This is another try at crackle using Crushed Candy diagonally.


----------



## Dalylah (Mar 10, 2011)

I am not sure why but this look isn't my cup of tea. I spend so much time trying to avoid chipping and cracking that this is backwards to me haha.


----------



## Maris Crane (Apr 20, 2011)

I hate to bump this, but I'm still not sure about these even after buying the OPI one today. (The guy who does my hair, bless 'em, is a little bit forgetful and just found his stock of OPI Texas, Katy Perry &amp; Serena Williams polishes from February, and finally put them out. Lest he get the wrath of the chain...) Anywho, I finally bought a bottle of the Shatter, and I'm not really sure if I'll buy any of the CG ones, or the OPI Pirates one. I'm a little annoyed it dries matte. It's solved with a topcoat, but the matte factor makes it look a little... well, cheap. Hopefully, what looks to be silver in the Pirates collection shows up glossy.


----------



## Tiffanyxnicole (Apr 26, 2011)

> Originally Posted by *moriesnailart* /img/forum/go_quote.gif
> 
> I've seen really good pictures and then I've seen not so good pictures as well. Everyone says the purple one barely crackles due to the shimmer on it or who knows and also the way you apply it affects the finished result. I am not really a fan of the effect but I still ordered the China Glaze collection to play around with it. I'll be getting it this weekend so I'll post some pics when I try it.

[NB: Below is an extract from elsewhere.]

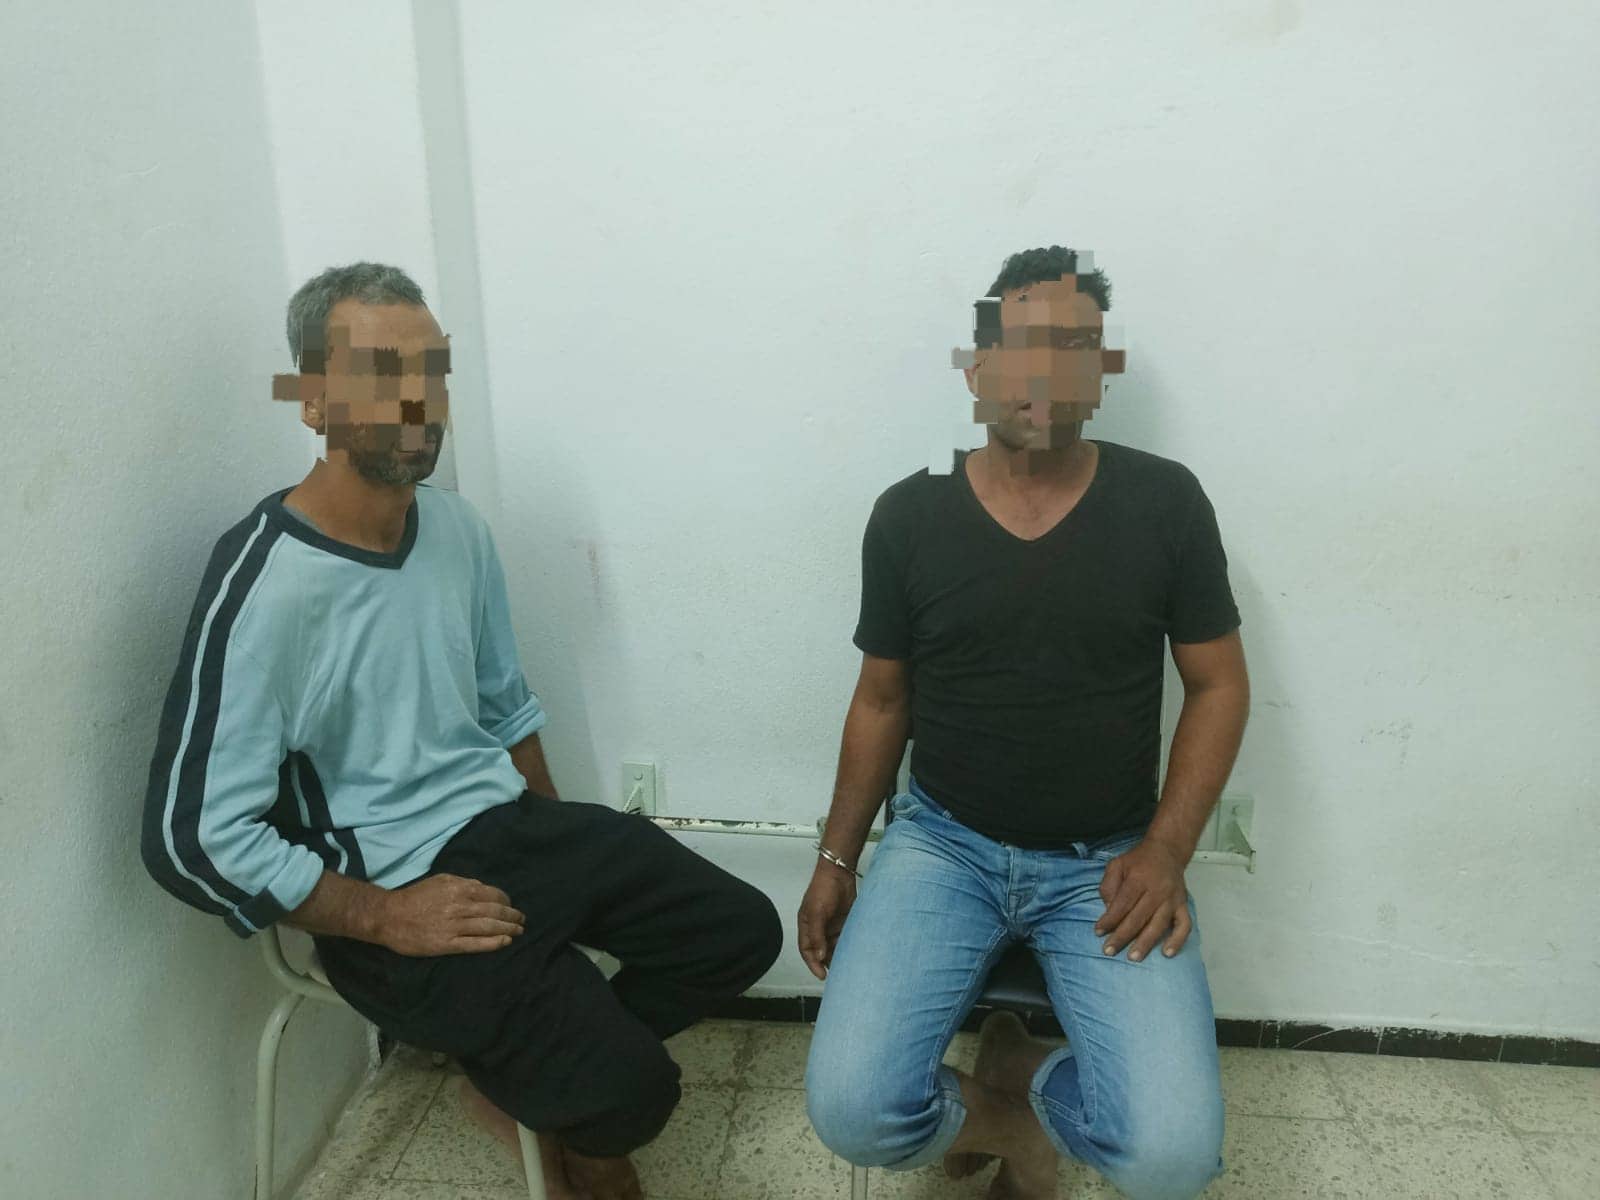 جبنيانة: القبض على عنصرين خطيرين بتهمة تكوين وفاق يهدف لاجتياز الحدود البحرية خلسة

I have the grey and purple one, and the grey is good but the purple will not crack no matter what i do


----------



## llehsal (Apr 27, 2011)

I have all the China Glaze crackles and to be quite honest, I only love the black.  The grey one cracks well, but I don't like the colour itself.  I tried the purple, pink and blue and they didn't work as well as the black.  I have not tried the white yet.


----------